Fred and George Weasley now came into the hall, spotted Harry, and hurried over.
"Well done," said George in a low voice. "Wood told us. We're on the team too- Beaters."
"I tell you, we're going to win that Quidditch Cup for sure this year," said Fred. "We haven't won since Charlie left, but this year's team is going to be brilliant. You must be good, Harry, Wood was almost skipping when he told us."
"Anyway, we've got to go, Lee Jordan reckons he's found a new secret passageway out of the school."
"Bet it's that one behind the statue of Gregory the Smarmy that we found in our first week. See you. Alright, Malfoy?"
Draco jumped, hearing that damned surname. He really hated it. "Alright," he responded, and the twins left.
"What's wrong?" asked Harry, shoveling pie into his mouth over the excitement of the afternoon.
Draco groaned. "I just wish everyone would call me Draco. It's hardly a challenge. I positively loath hearing 'Malfoy, Malfoy, Malfoy' all the time."
"Oh."
"I wish I could change it," scowled Draco. "I'm not my father. But y'know, for that to happen, I'd have to be friends with everyone. I mean, you both call me Draco, but- eh-"
"You hate everything," said Ron and Harry together, "We know."
Draco focused on cutting his chicken up. "When did I say that?"
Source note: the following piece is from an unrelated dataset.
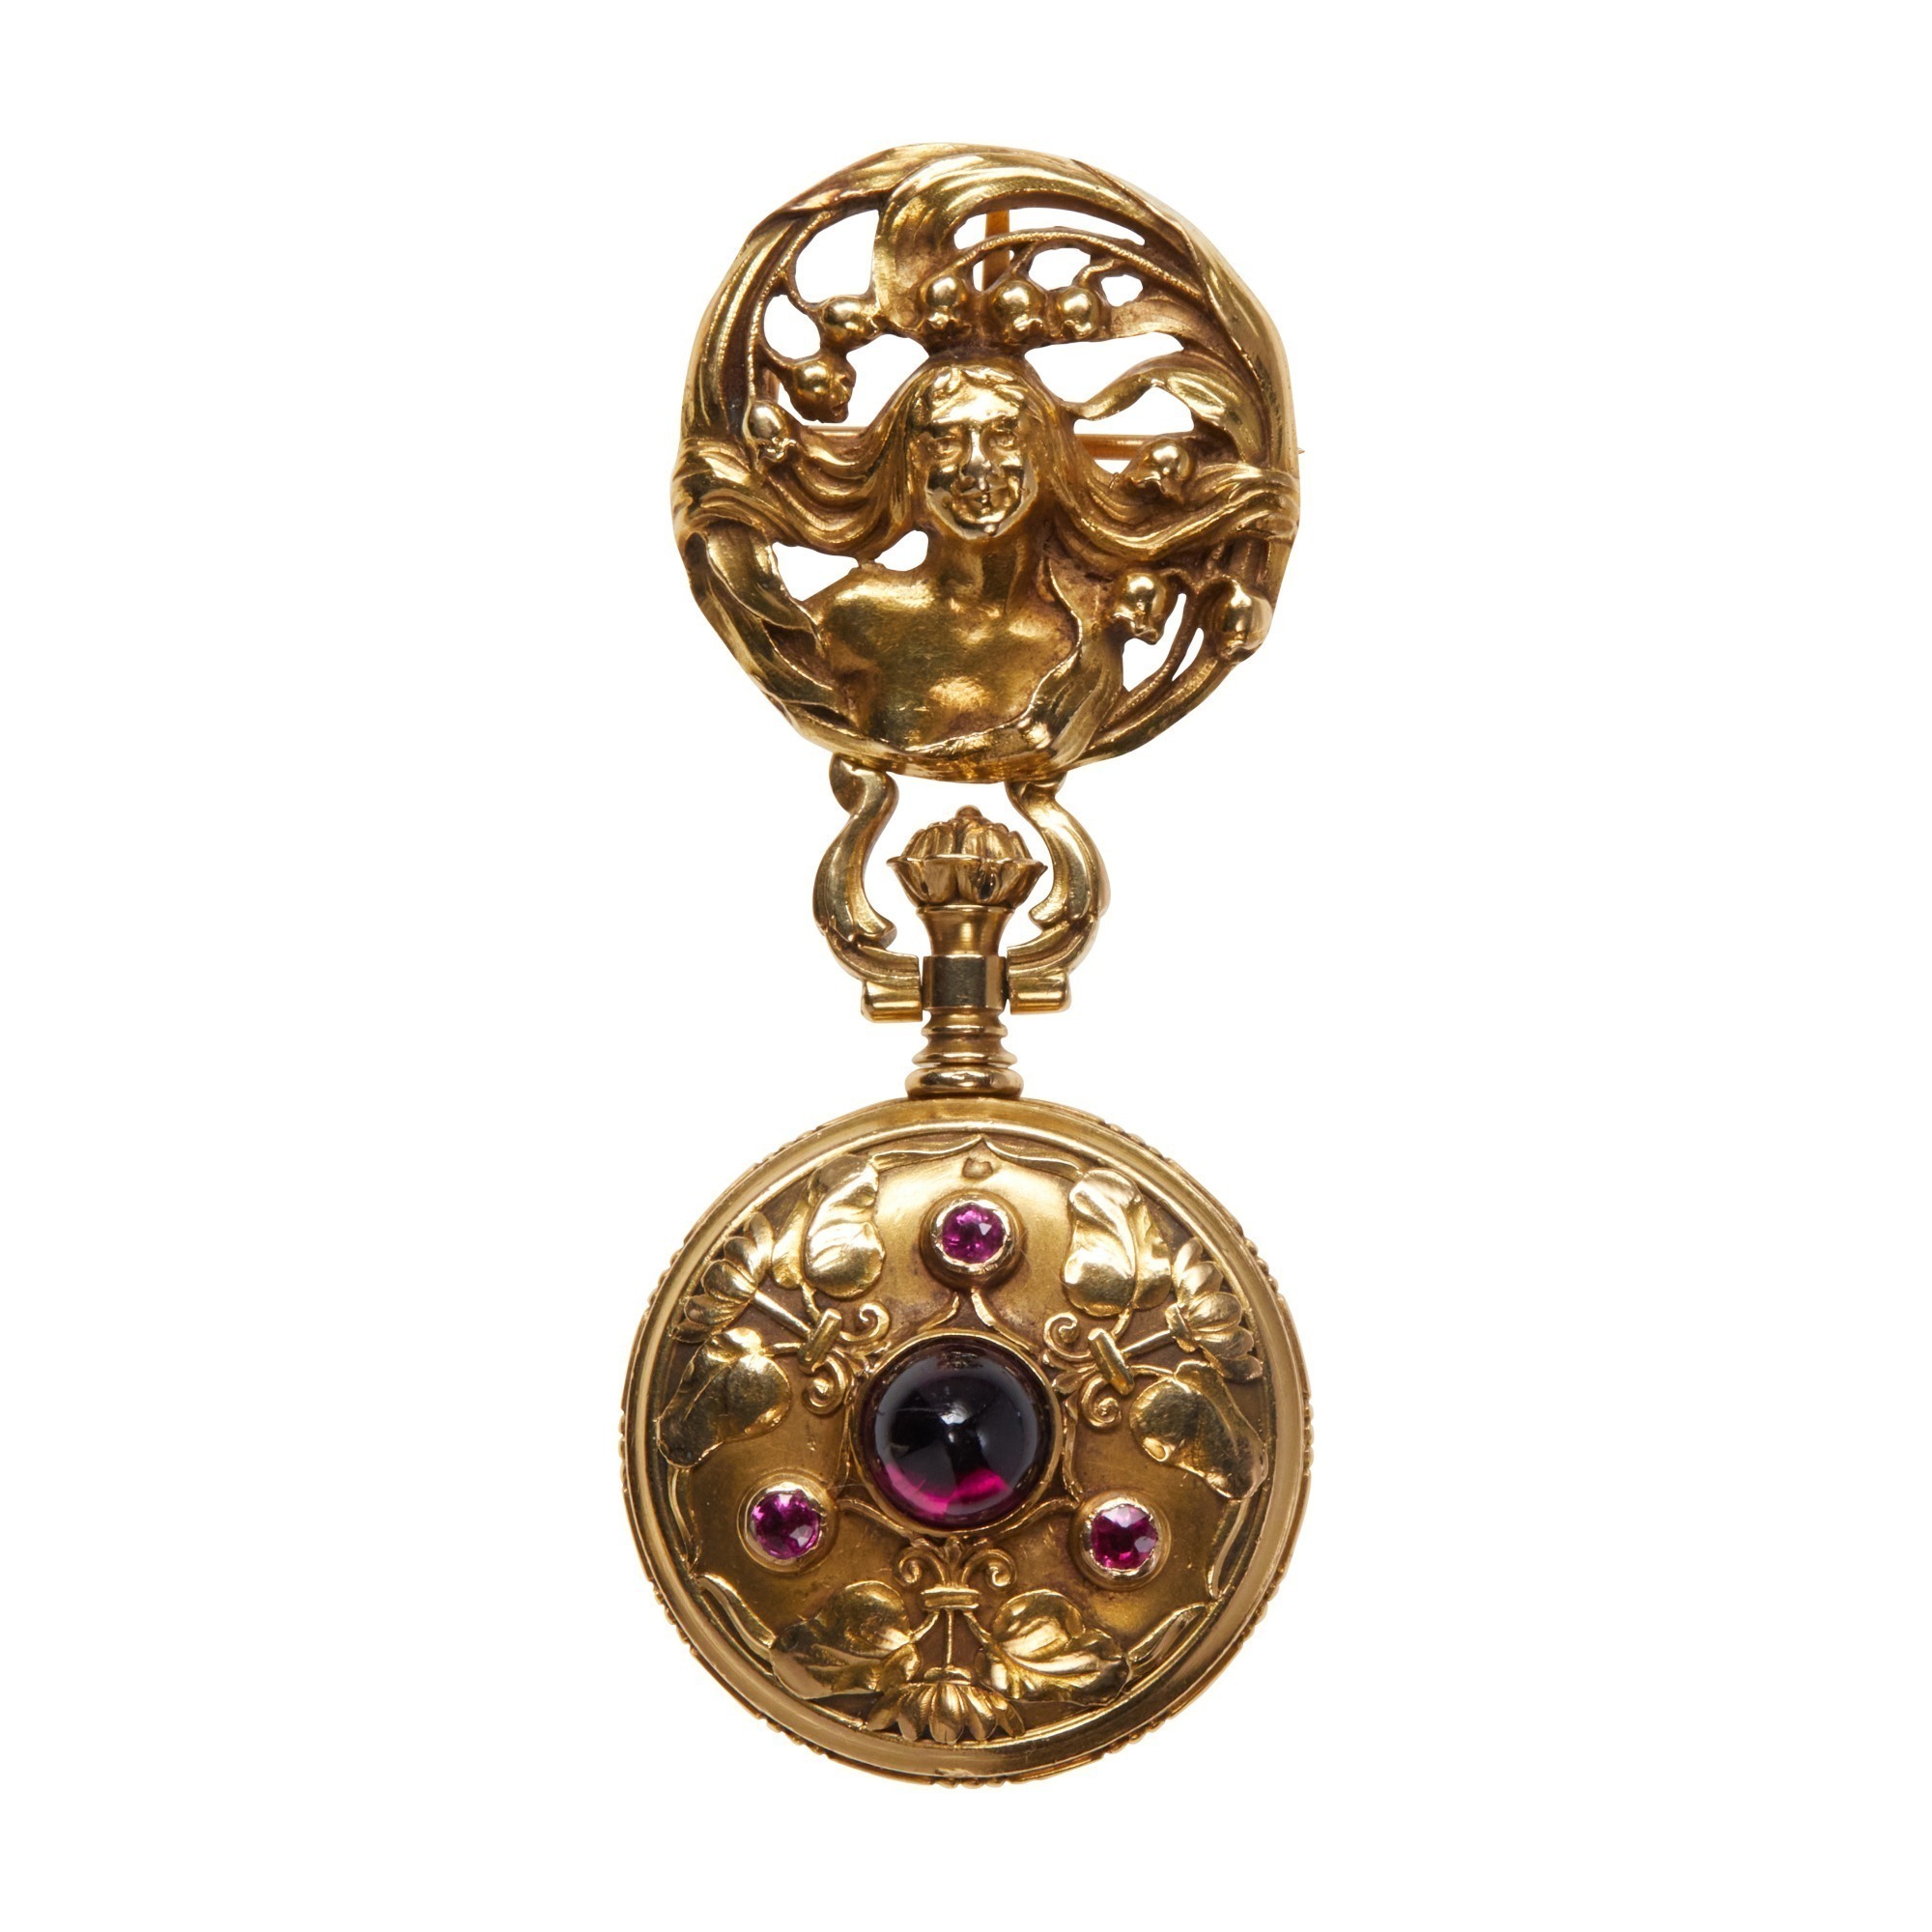 Art Nouveau Swiss 18k Gold Pendant Watch with Pin

"Oh, you know. Almost every time you sit down in the common room and declare 'I hate everything.'" Harry smartly replied.
Draco did do that a lot, but it was mostly impulsive and he didn't mean anything by it. He mostly said it when he had a lot of homework.
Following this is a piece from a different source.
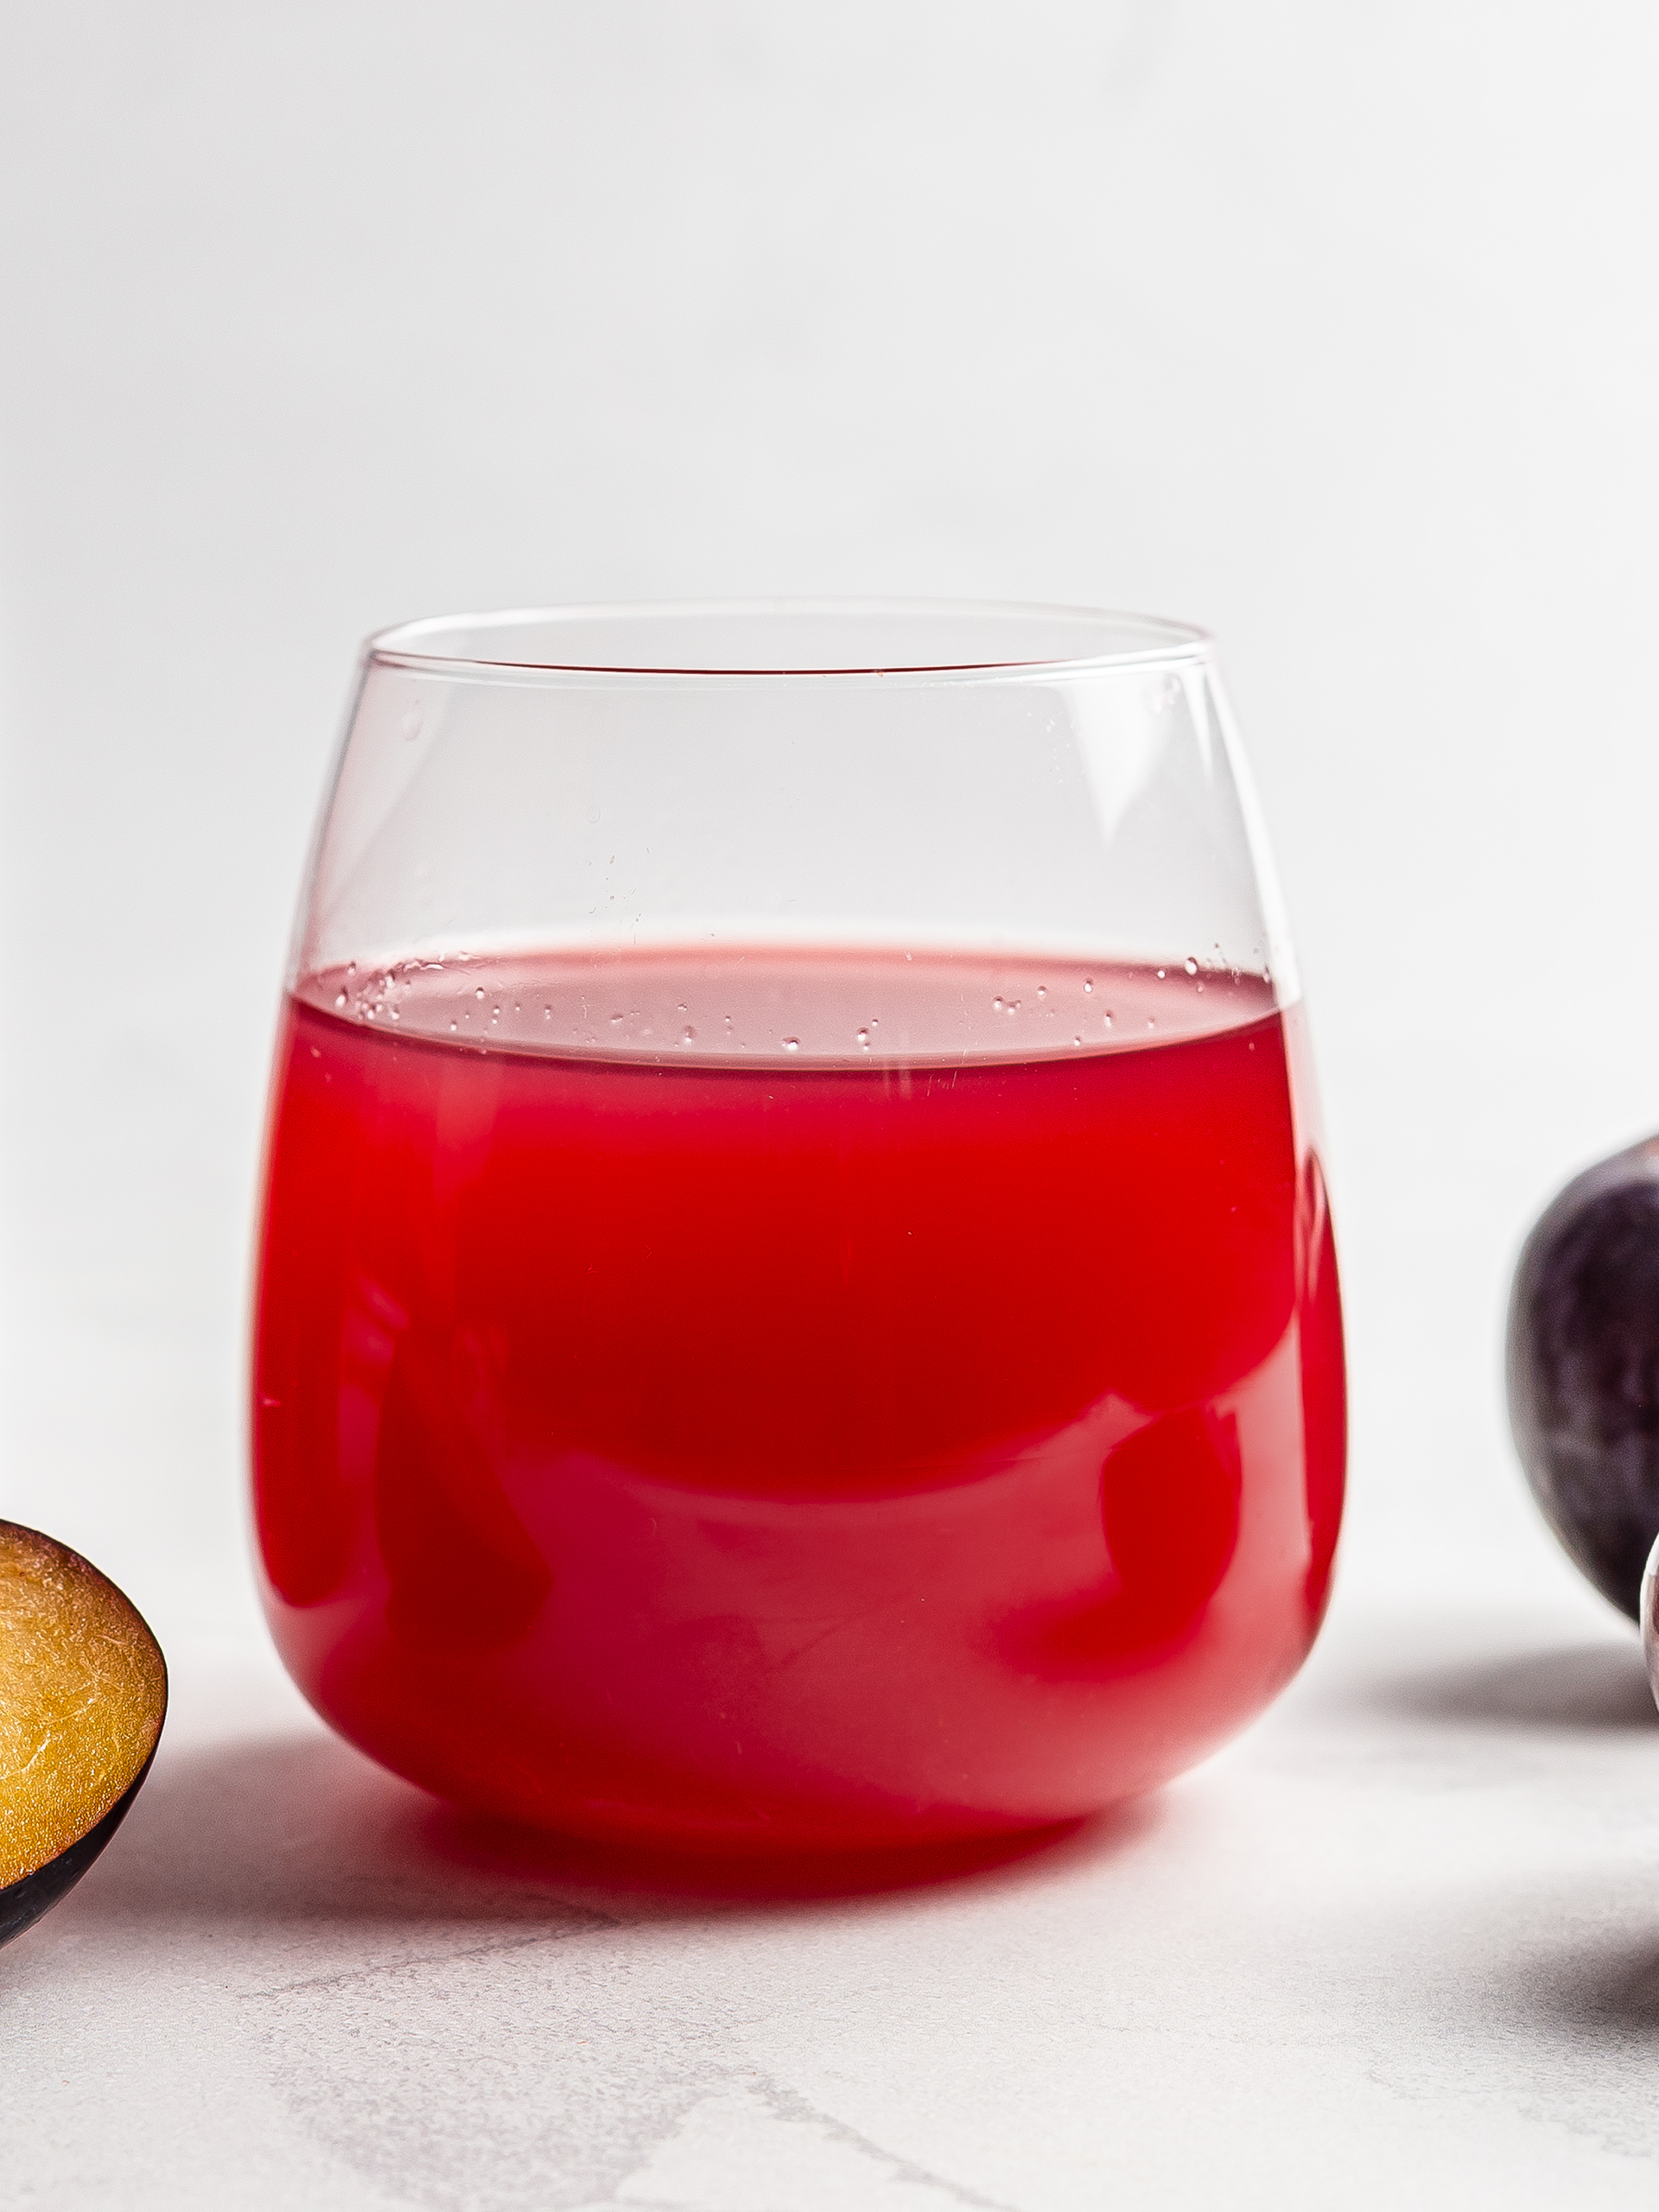 plum juice in a glass

"But that's just me complaining," said Draco, "I create a lot of my own problems. Which isn't ideal, I should just shut up- yeah."
They lapsed into silence. But no more than a moment passed when someone far less welcome turned up: Blaise, flanked by Bulstrode and Parkinson.
"Having a last meal, Potter? When are you getting on the train back to the Muggles?"
"You're a lot braver now that you're back on the ground and you've got your little friends with you," said Harry coolly. There was of course nothing at all little about Millicent or friendly about Pansy, but as the High Table was full of teachers, neither of them could do more than crack their knuckles and scowl.
Draco had preferred his own choice of Crabbe and Goyle over the girls, but maybe Zabini actually needed slightly more intelligent conversation to survive. Even if Millicent was a bit sullen and Pansy was an annoying cow.
"Blaise could take you any time on his own," Pansy said, sneering.
"Oh yeah?" Draco retaliated, "How about tonight? Wizard's duel? Wands only, of course."
He remembered this little trick, and suspected that Zabini would do the same thing. So they wouldn't be going.
"Of course," Zabini grinned, "I've been waiting to show you your place. I suppose blood-traitors support blood-traitors, after all. Weasley must be your second."
"As a matter of fact, he is," said Draco, airily. "He has a killer bat-bogey hex, I'm not sure you want to risk it."
Or was that the Weaselette? Draco couldn't remember.
"Whatever," said Zabini, not knowing that Draco had just lied about Ron Weasley knowing a sixth-year spell. "I'm only interested in challenging Potter, anyway. Crabbe's my second, I doubt it'll come to that. Midnight all right? We'll meet you in the trophy room; that's always unlocked."
When Blaise had gone, Ron and Harry and Draco looked at each other.
"Sorry, but what's a Wizard's duel?" asked Harry.